Peur du noir

Une mante religieuse très féconde, le fantôme d’un samouraï japonais ou d’une veuve revancharde, un monstre sorti du marécage voisin ou un noble cruel et ses chiens assoiffés de sang, « Peur[s] du noir » plonge sous notre lit avant de dévoiler les mystères du placard sombre et mystérieux.

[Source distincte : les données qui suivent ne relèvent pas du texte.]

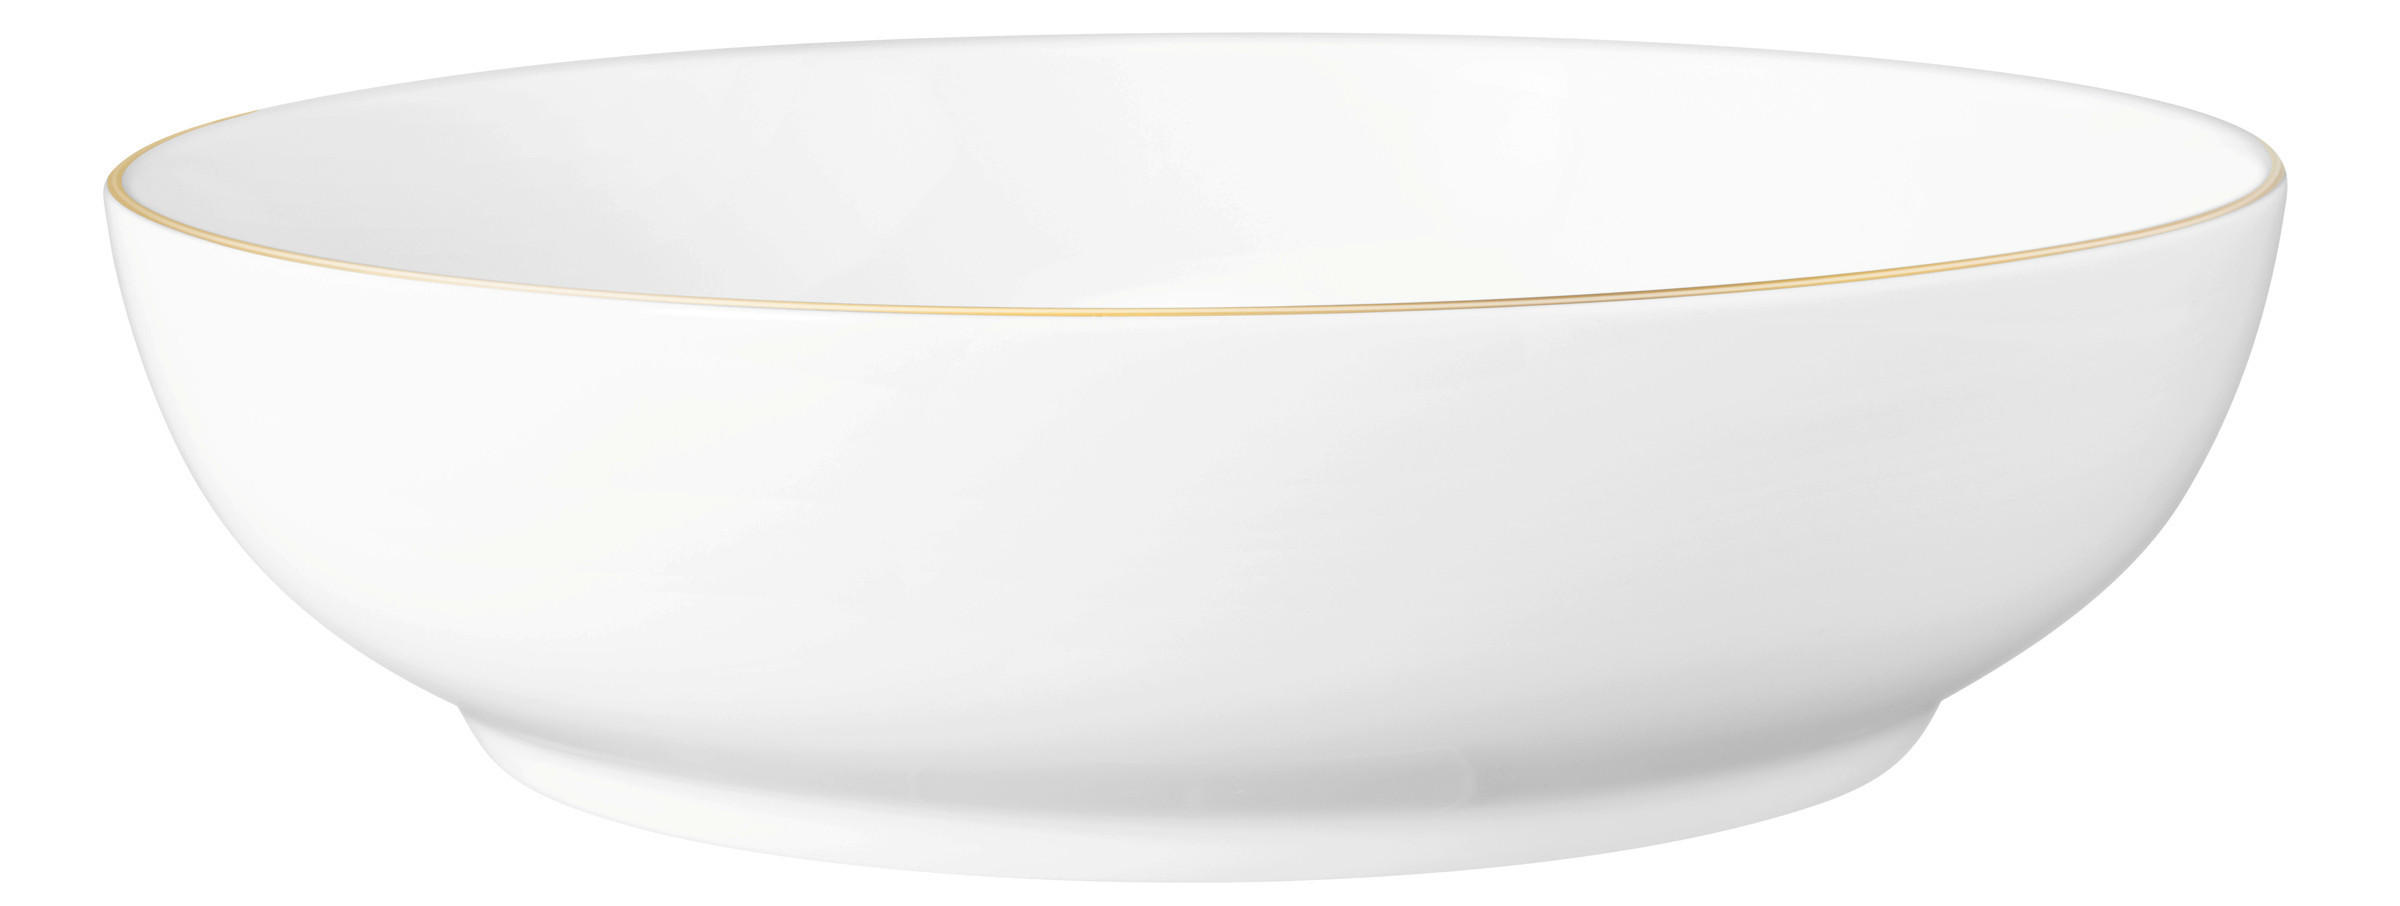 SCHALE Keramik Porzellan  - Goldfarben/Weiß, Basics, Keramik (25cm) - Seltmann Weiden

Vous trouverez ci-dessous notre article sur ce film. Les bios et commentaires des auteurs et membres de l'équipe du film sont en légendes des visuels de la galerie : cliquez sur les vignettes...

Ce film d'animation est intégralement réalisé en noir et blanc pour mieux servir les tracés inquiétants d'une « dream team » de l'illustration et du graphisme ( Blutch, Pierre Di Sciulli, Lorenzo Mattotti, Marie Caillou, Charles Burns, et -last but not least- Richard McGuire) dirigée par Etienne Robial. Une production signée Prima Linea Productions qui embarque le spectateur pour 1h25 d’angoisse. Ames sensibles s’abstenir.
Au moment de monter l'équipe de Peur[s] du Noir, Valérie Schermann et Christophe Jankovic de Prima Linea Productions ont fait appel à Etienne Robial. Le grand graphiste, habitué de l’habillage des grandes chaînes de télévisions (comme Canal +, Arte ou encore M6) a guidé le film, lui a donné une trame. Embarqués dans l'aventure, les illsutrateurs et graphistes Blutch, Charles Burns, Marie Caillou, Pierre Sciullo, Lorenzo Mattotti et Richard McGuire ont bénéficié d'une grande liberté créative.
Mais cette liberté pose de nombreux problèmes d’enchaînement et de composition. Confronté à ce patchwork stylistique et rythmique, Robial résume ainsi son travail : « Mon métier, c’est d’avoir la conviction d’avoir trouvé les bonnes réponses aux problèmes que l’on m’a posés ». La création de la typographie du titre et du générique est l'un des exemples de ce travail, cet alphabet jouant un rôle essentiel dans l'unité de l’ensemble. Etienne Robial l’a travaillée au cutter, « Il y a trois ou quatre « E » et « A » différents, par exemple, et c’est ce qui donne cette impression de dessin manuel ».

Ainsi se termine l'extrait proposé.